M. was characterized by innate delicacy - she was afraid to burden herself, and therefore, when she was sick, she did not complain, did not moan, she was embarrassed to call a doctor from the village first-aid post. She believed in God, but not devoutly, although she began every business - “With God!”. Rescuing the property of Thaddeus, stuck on a sleigh on railway crossing, M. was hit by a train and died. Her absence on this earth affects immediately: who will now go sixth to harness to the plow? Who to contact for help?

Against the background of M.'s death, the characters of her greedy sisters, Thaddeus - her former lover, Masha's friend, all those who take part in the division of her impoverished belongings, appear. Weeping rushes over the coffin, which turns into "politics", into a dialogue between applicants for Matrenino's "property", which is just a dirty white goat, a rickety cat and ficuses. Matrenin, the guest, observing all this, remembering the living M., suddenly clearly understands that all these people, including him, lived next to her and did not understand that she is the same righteous man, without whom “the village does not stand”.

/ / / The image of Matryona in Solzhenitsyn's story "Matryonin Dvor"

Very touching work Russian writer Alexander Solzhenitsyn. The author was a humanist, so it is not surprising that a pure kind character appears in the story. female image the main character.

The narration is conducted on behalf of the narrator, through the prism of attitudes of which we recognize the images of other characters, including the main character.

Matrena Vasilievna Grigorieva - central. By the will of fate, a former prisoner Ignatich settles in her house. It is he who tells us about the life of Matryona.

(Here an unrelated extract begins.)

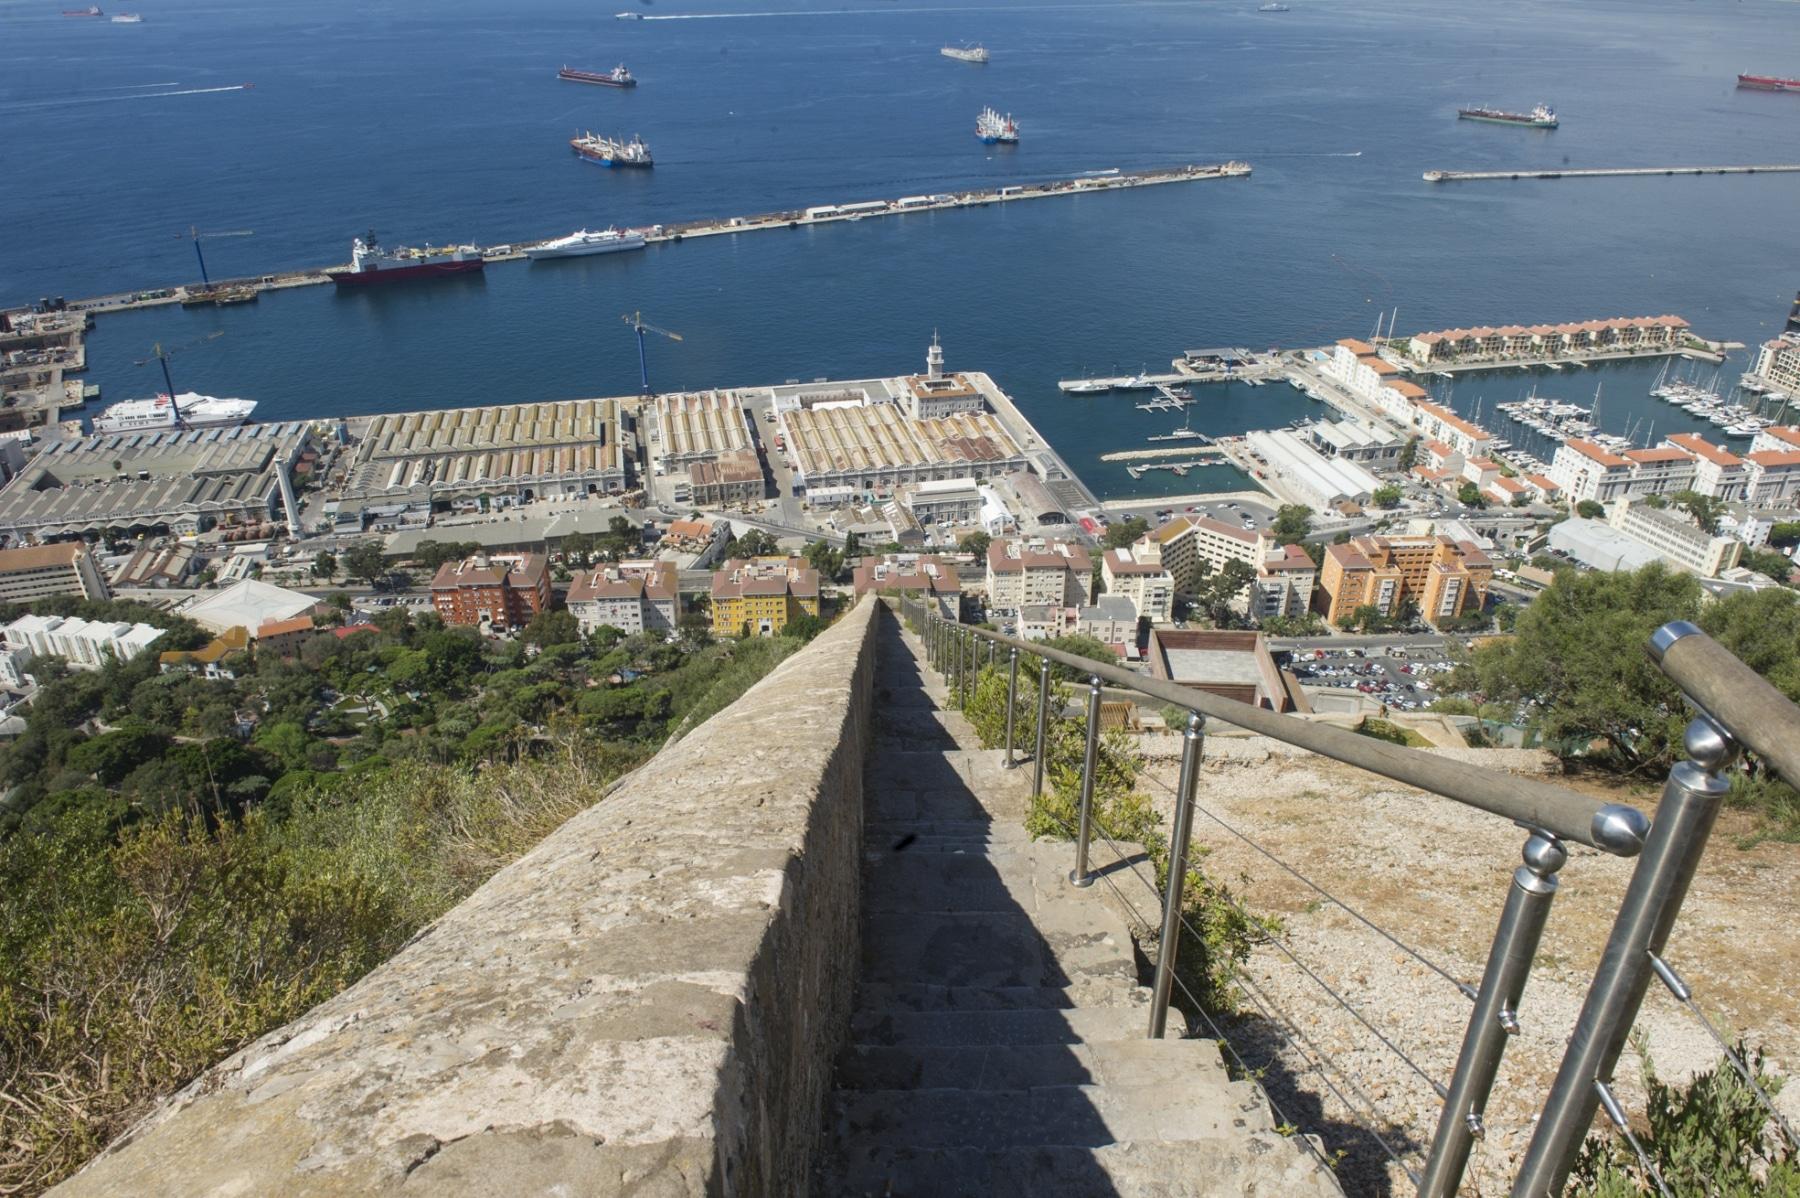 los-escalones-del-mediterrneo-suben-desde-la-ciudad-a-lo-ms-alto-del-pen-de-gibraltar_22713647666_o
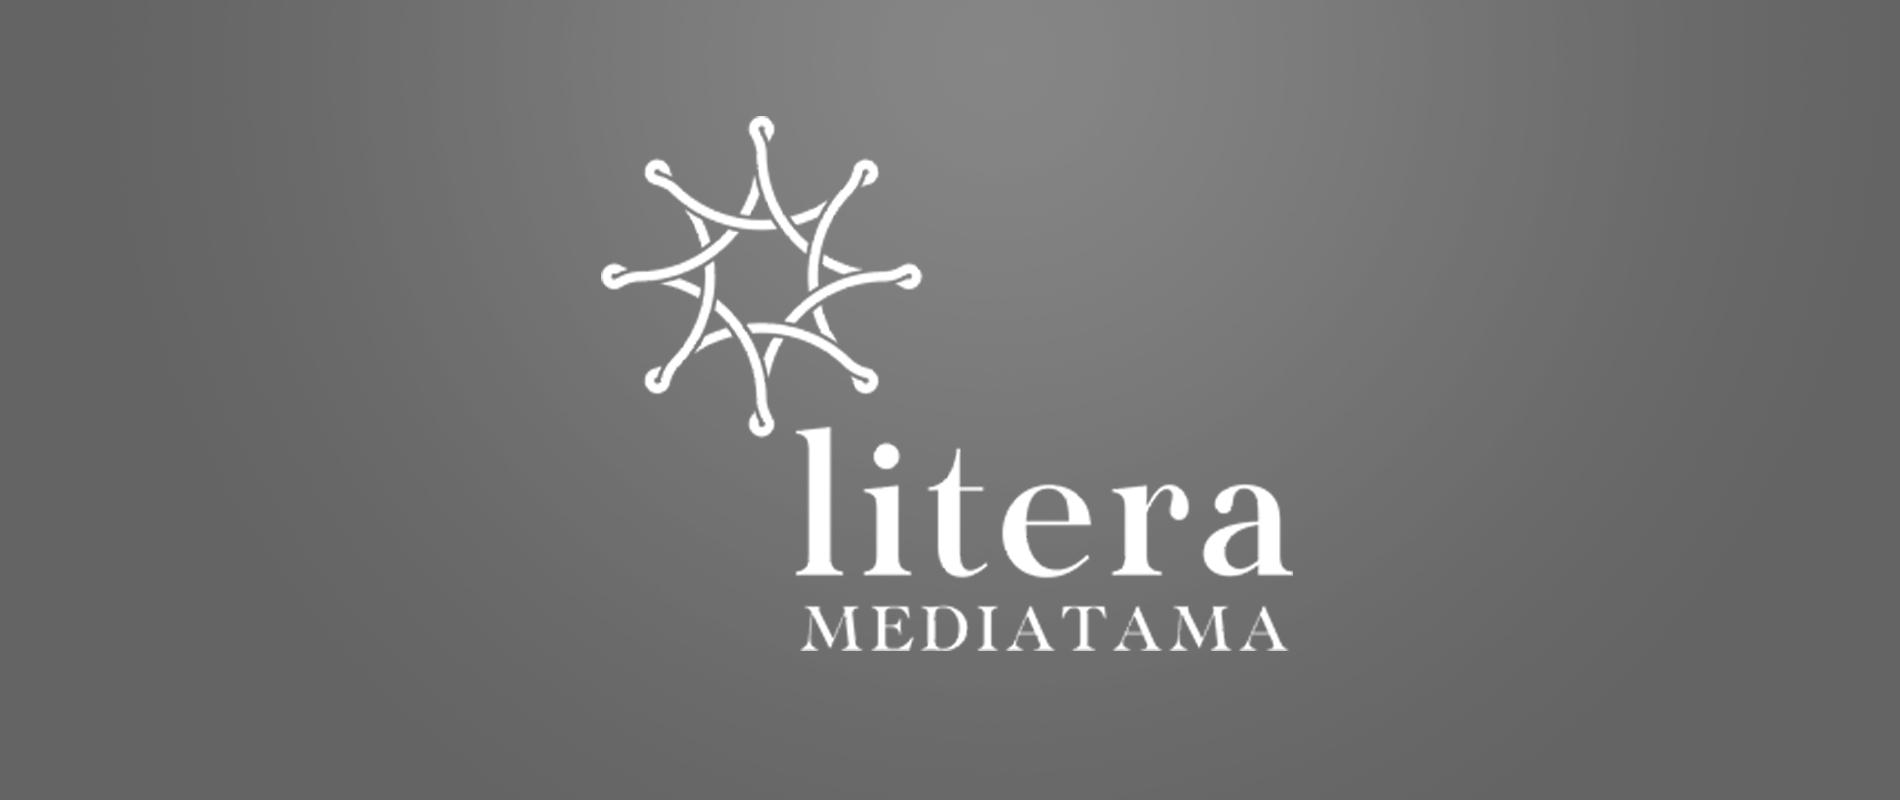 Penerbitan Buku - Distribusi Buku - Workshop Seminar - Bedah Buku - Penganugerahan Penghargaan

The woman did not immediately agree to accept a tenant in her yard, advised to find a place cleaner and more comfortable. But Ignatich was not looking for comfort, it was enough for him to have his own corner. He wanted to live quiet life so I chose the village.

Matryona is a modest resident of the village, simple-hearted and friendly. She was already about sixty years old. She lived alone, as she was a widow and lost all her children. To some extent, the guest diversified her lonely life. After all, now Matryona had someone to get up early for, cook food, there was someone to talk to in the evenings.

The narrator notes that Matryona's round face looked sick because of the yellowness and cloudy eyes. She sometimes had bouts of some kind of illness. And although she was not considered an invalid, the disease knocked her down for several days. Learning about difficult fate woman, Ignatich realized that her illness was quite understandable.

In her youth, Matrena loved Thaddeus and wanted to marry him. However, the war separated the lovers. The news came that he was missing. Matryona was sad for a long time, but at the insistence of her relatives, she married the brother of her former lover. After some time, a miracle happened - Thaddeus returned home alive. He was upset when he learned about the marriage of Matryona. But later he also marries and has many children. Since the children of Matryona did not live long, she takes on the upbringing of one child of Thaddeus and his wife. But her adopted daughter leaves her. After the loss of her husband, Matryona is left completely alone.

The image of Matryona is very light and at the same time tragic. She has always lived more for others than for herself. Despite the pain, Matryona did not shy away from hard work for the benefit of society. However, the narrator notes that the woman did not receive her pension for a long time.

Matrena never refused to help her neighbors. But her disinterested deeds, innocence caused more misunderstanding from the side of her fellow villagers than gratitude.

The woman endured all the trials steadfastly, did not become an embittered person. They say about such people that they have an inner core.

The end of Matryona's life is very tragic. Thaddeus, beloved by her, played a special role in this. He turned out to be a rotten man and insisted that Matryona give him the inheritance of her daughter Kira. Even then, the old woman did not defend her rights, but even helped to dismantle her hut, which led to her sad end.

The image of Matryona is the image of an ingenuous woman misunderstood by others.